Imagine that we are trying to learn about the world around us, and can run experiments described by strings over $\Sigma$ that yield yes-no answers. Under some philosophical assumptions or — unfortunately for the students — by fiat, we can suppose that this world is described by a regular language $L \subseteq \Sigma^*$ and an experiment $x \in \Sigma^*$ just tells us if $x \in L$ or not. As students of the world, we want to produce a DFA $M$ such that $L(M) = L$ and we want to do this quickly — in time polynomial in the size $n$ of minimal DFA representing $L$. If we are allowed only membership queries — questions of the form “is $x \in L$” — then Angluin (1978) and Gold (1978) showed that this task in NP-hard. Even if we’re allowed to do improper learning and don’t have to output a DFA but can output any machine that will answers questions correctly, the task is at least as hard as cracking the RSA cryptosystem that protects our credit card information online (Kearns & Valiant, 1994; see Lev Reyzin’s blogpost for a more details on the proper-vs-improper learning distinction for automata). In other words, we believe that this is impossible.

Not so if we add a teacher. Angluin (1987) defines a minimal adequate teacher (MAT) as an oracle that can answer counterexample queries. The student can give a candidate DFA $M$ and if $L(M) \neq L$ then the teacher provides a counterexample $z$ such that $z \in L(M)$ but $z \not\in L$ (or vice versa); otherwise the teacher returns “correct” and the student aces her class.
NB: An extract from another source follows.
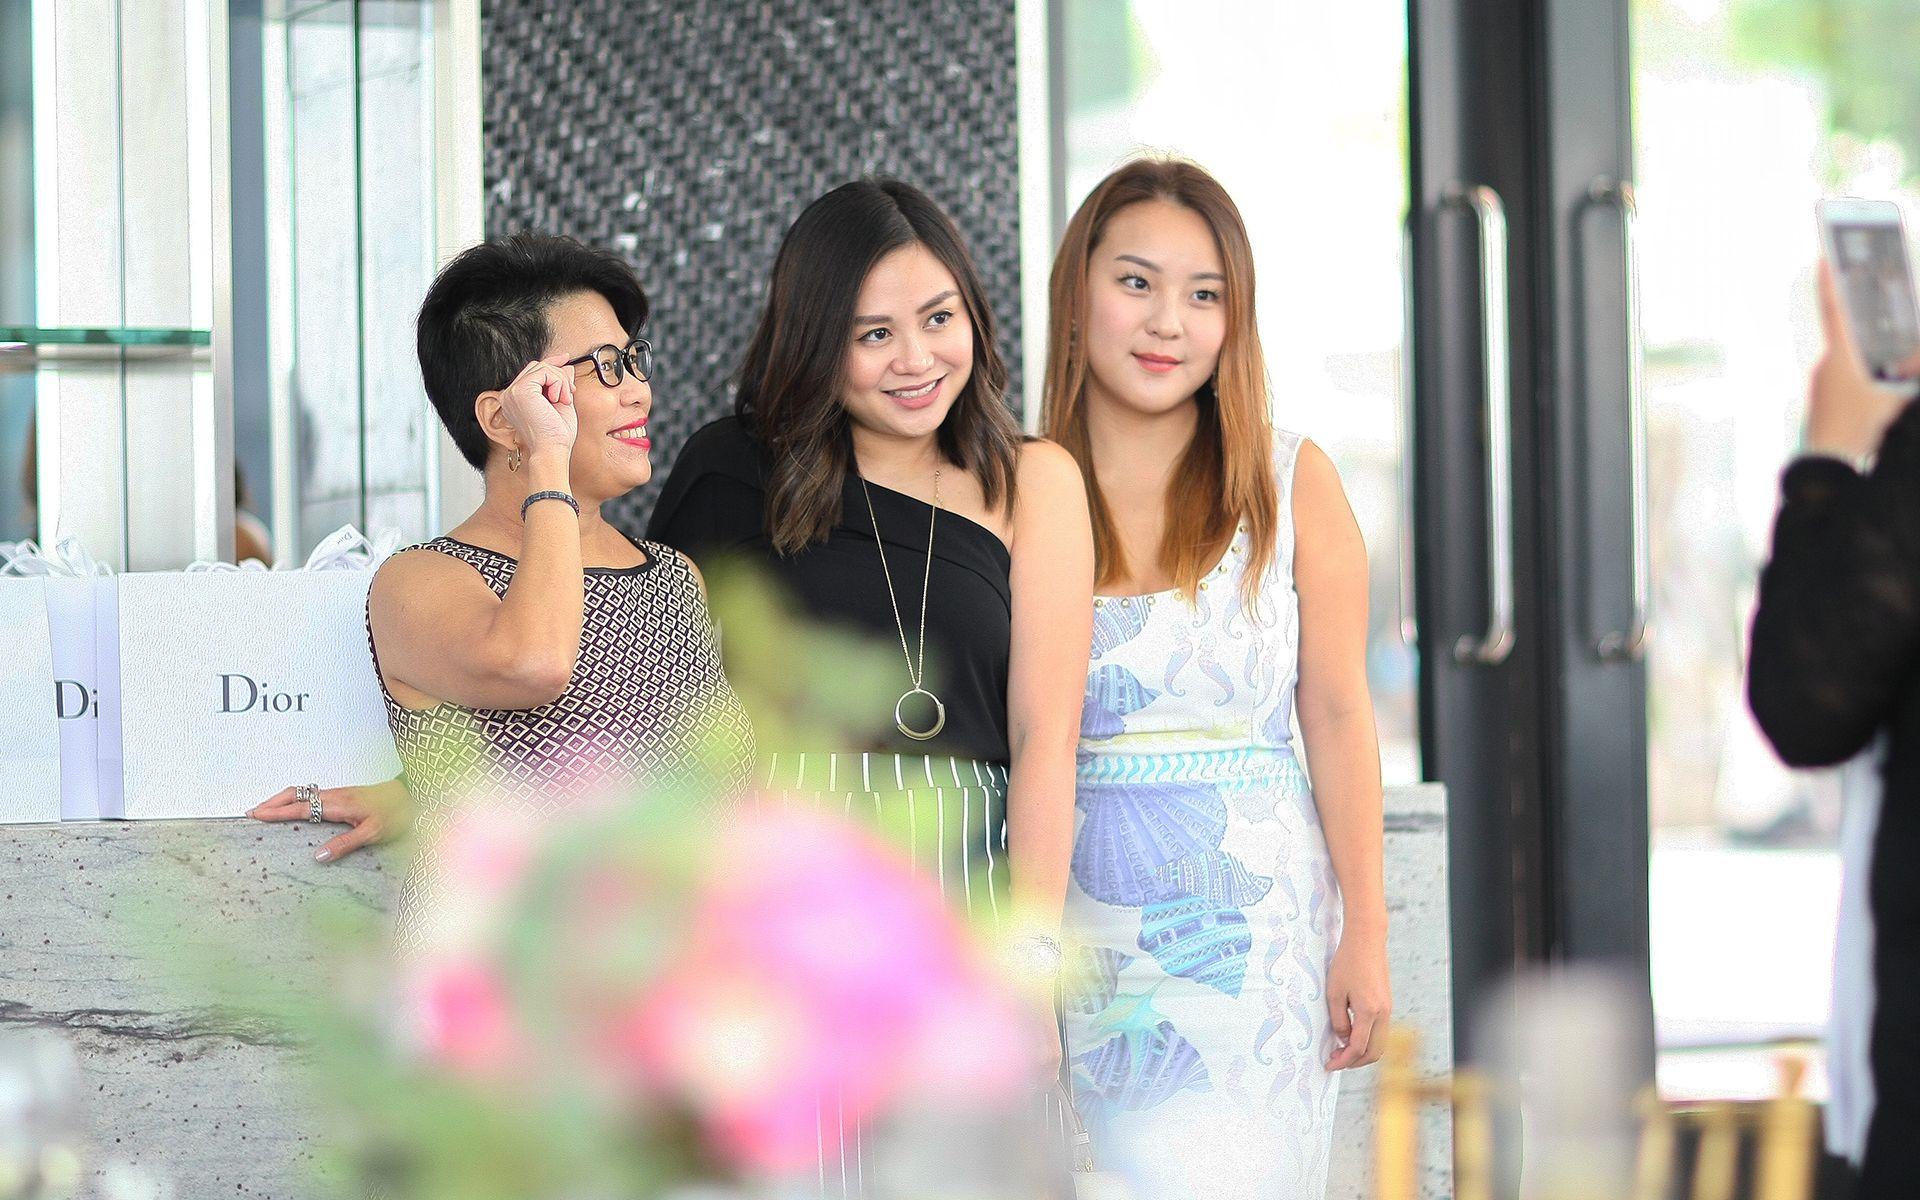 Elizabeth Soong, Jenn Low and Valerie Ong

Angluin (1987) showed that in the MAT-model model, there exists an algorithm that runs in time polynomial in $n$ and the maximum size $m$ of a counterexample that learns any regular language $L$. In other words, students be thankful: having a teacher saves you from a combinatorial explosion!

From observation tables to machines

We call a set $S$ prefix closed if for every $w' \in \Sigma^*$ if $ww' \in S$ then $w \in S$, or — using notation from assignment 1 — if $S = \mathrm{init}(S)$. We call a finite prefix closed set $S$, finite set $E$, and a function $T: (S \cup S.\Sigma).E \rightarrow \{0,1\}$ an observation table. For every $s \in S \cup S.\Sigma$ we define $\mathrm{row}(s): E \rightarrow \{0,1\}$ as $\mathrm{row}(s)(e) = T(se)$.

An observation table is closed if:

$\forall t \in S.\Sigma \; \exists s \in S \; \mathrm{s.t.} \; \mathrm{row}(t) = \mathrm{row}(s)$

and the observation table is consistent if:

$\forall s_1, s_2 \in S \; \forall a \in \Sigma \quad \mathrm{row}(s_1) = \mathrm{row}(s_2) \Rightarrow \mathrm{row}(s_1a) = \mathrm{row}(s_2a)$

If an observation table is both closed and consistent then we can define a DFA $M(S,E,T)$ based on it, with $Q = \{\mathrm{row}(s) | s \in S\}$, $q_0 = \mathrm{row}(\epsilon)$, $Q = \{\mathrm{row}(s) | s \in S \; \mathrm{and} \; T(s) = 1 \}$, $\delta(\mathrm{row}(s),a) = \mathrm{row}(sa)$. It might not be obvious that this DFA is well defined, and so it is useful to know two lemmas:

Lemma 1: $\forall s \in S \cup S.\Sigma \quad \delta^*(q_0,s) = \mathrm{row}(s)$

Proof: By induction on length of $s$.

Lemma 2: $\forall s \in S \cup S.\Sigma \forall e \in E \quad \delta^*(q_0, se) \in F \iff T(se) = 1$

Proof: By induction on length of $e$ with Lemma 1 providing the base case.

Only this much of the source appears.